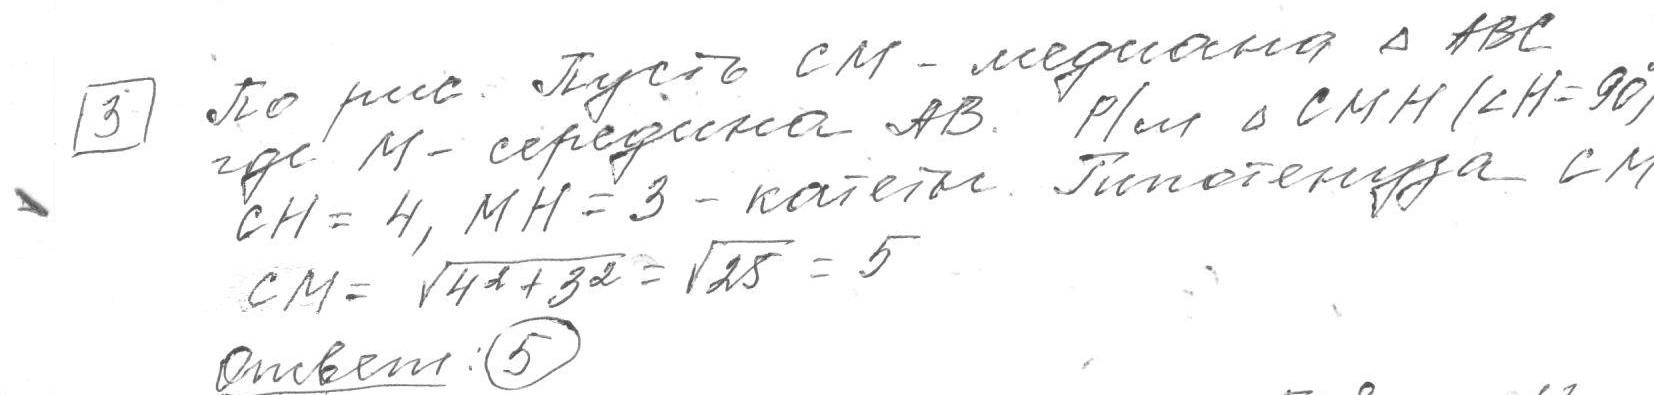 Задние 3, Вариант 1, решение и ответ - Прокофьев, ЕГЭ 2019 математика профиль 25 вариантов (Просвещение)
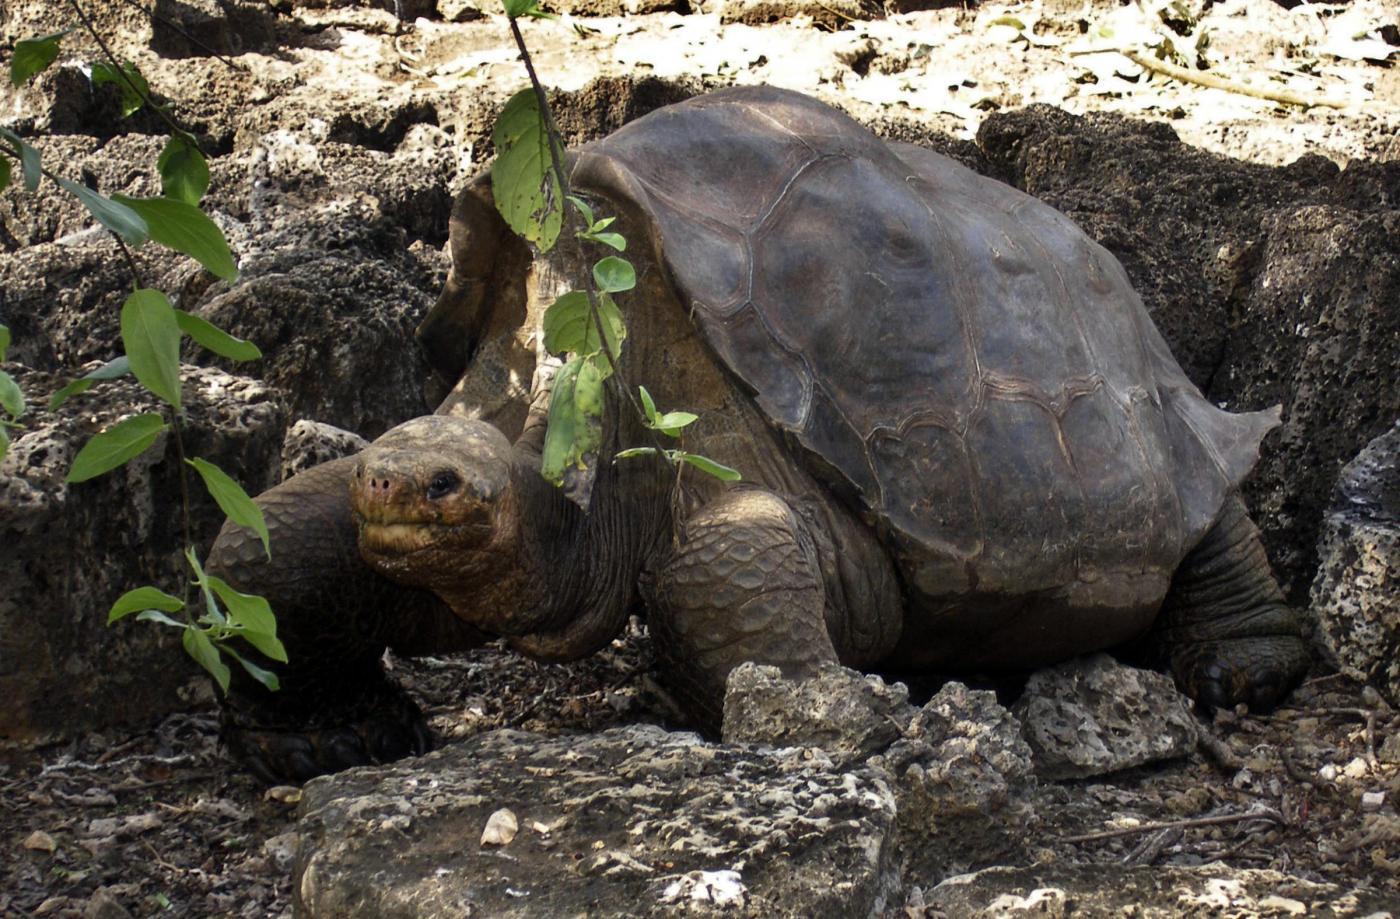 La tartaruga gigante di Darwin, forse, esiste ancora
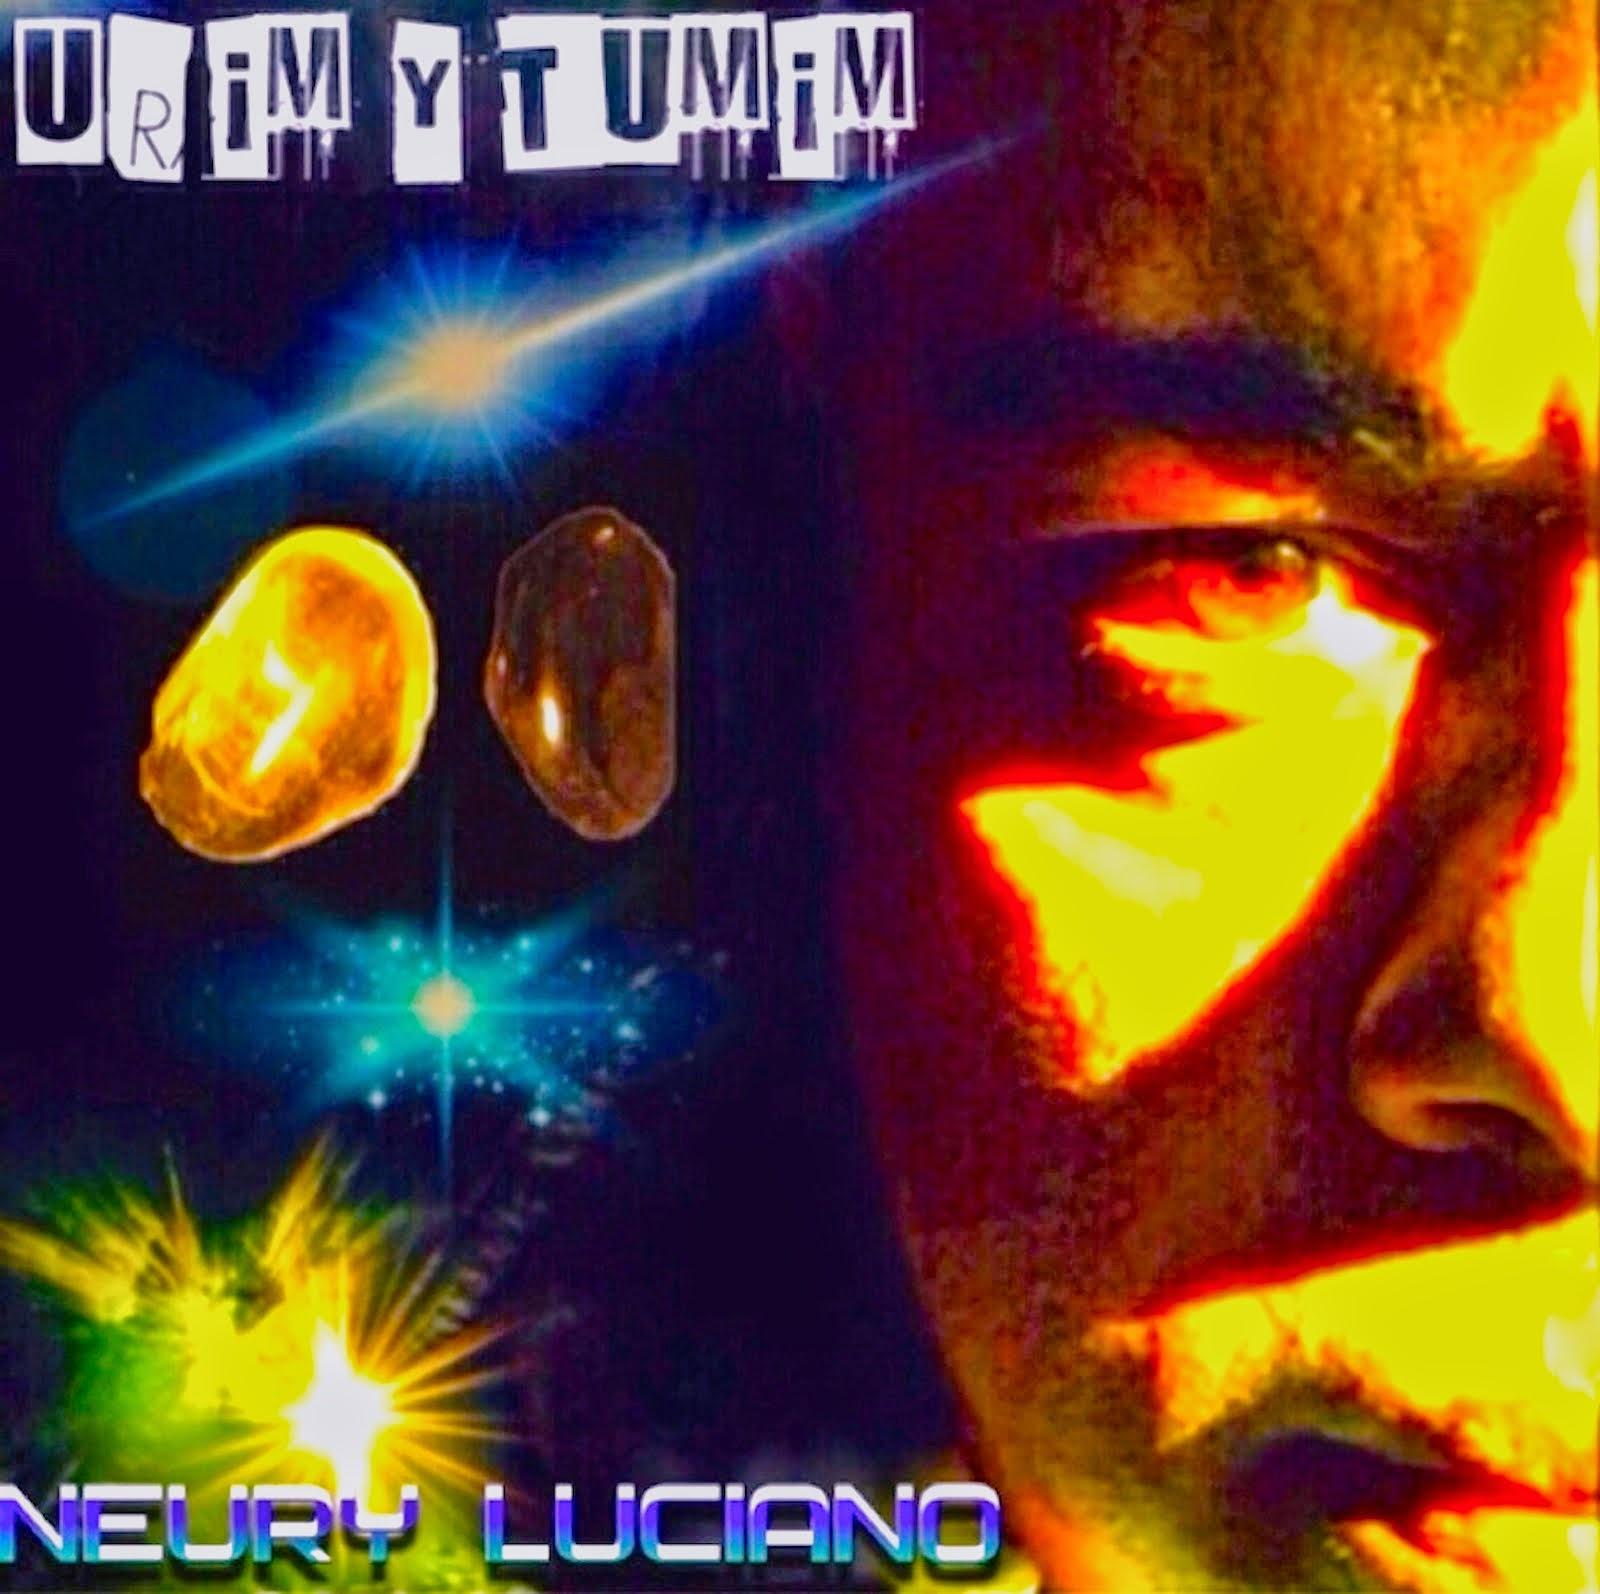 Neury Luciano  Album: Urim Y Tumim
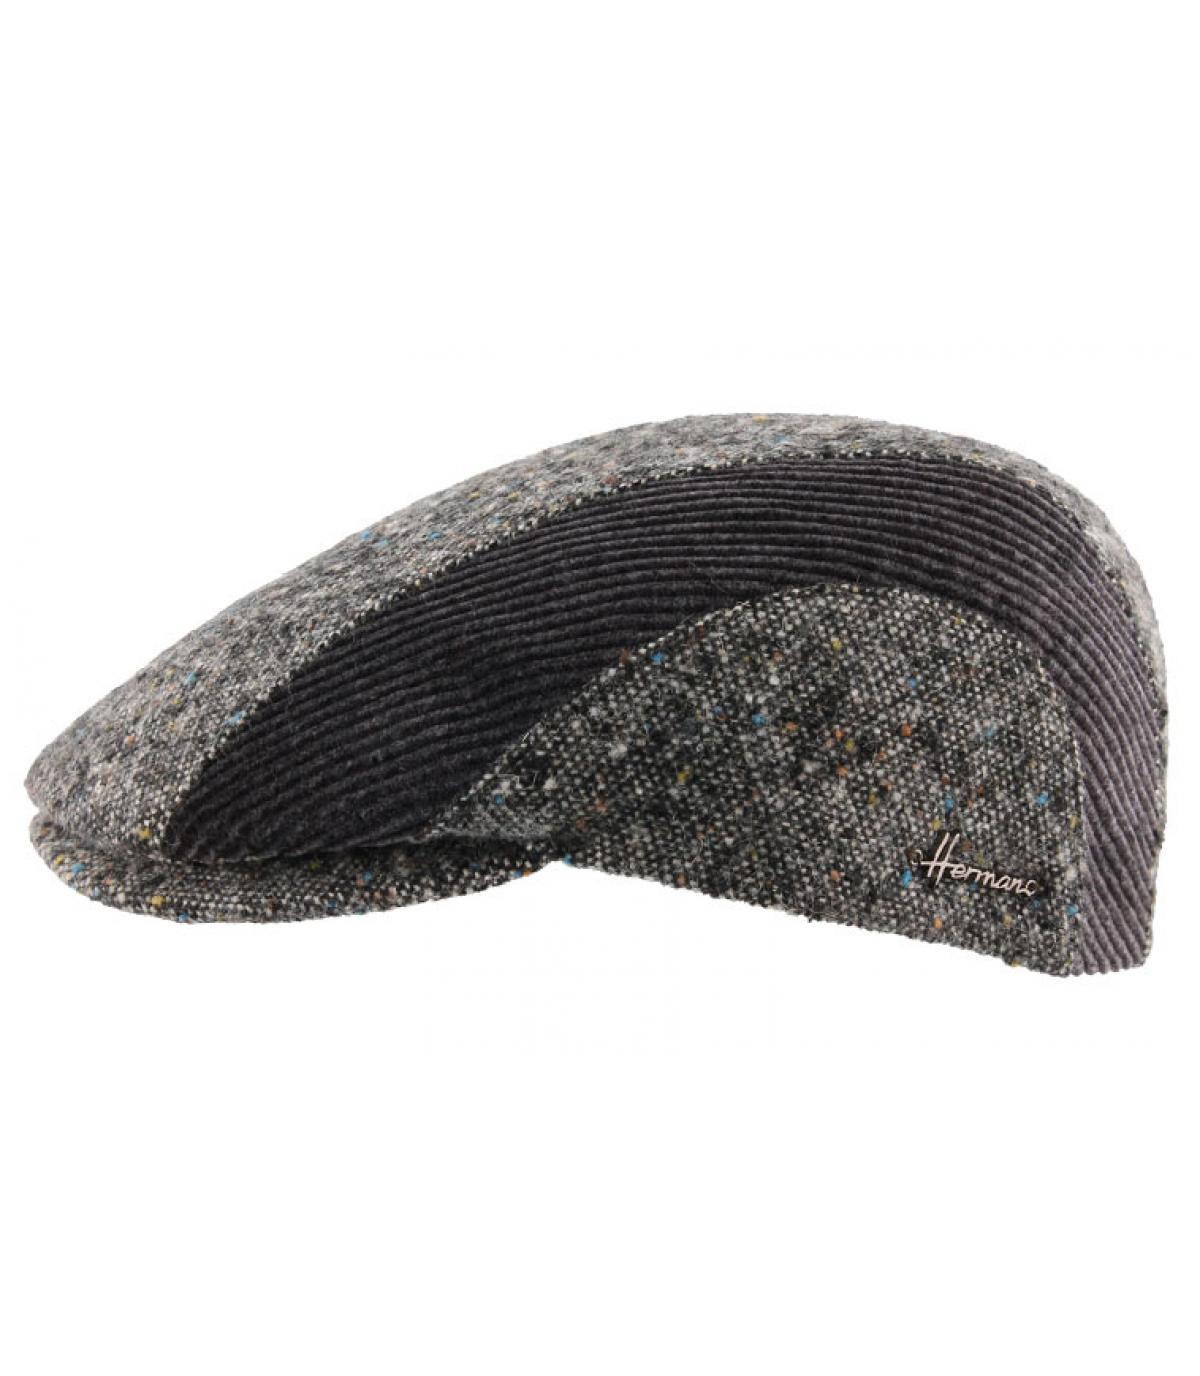 Détails Range Wool Corduroy grey - image 2
---
TASK PROMPT |
Would you return the whole listing exactly, without the pictures?

SOLUTION |
 Задние 3, Вариант 1, решение и ответ - Прокофьев, ЕГЭ 2019 математика профиль 25 вариантов (Просвещение)
 La tartaruga gigante di Darwin, forse, esiste ancora
 Neury Luciano  Album: Urim Y Tumim
 Détails Range Wool Corduroy grey - image 2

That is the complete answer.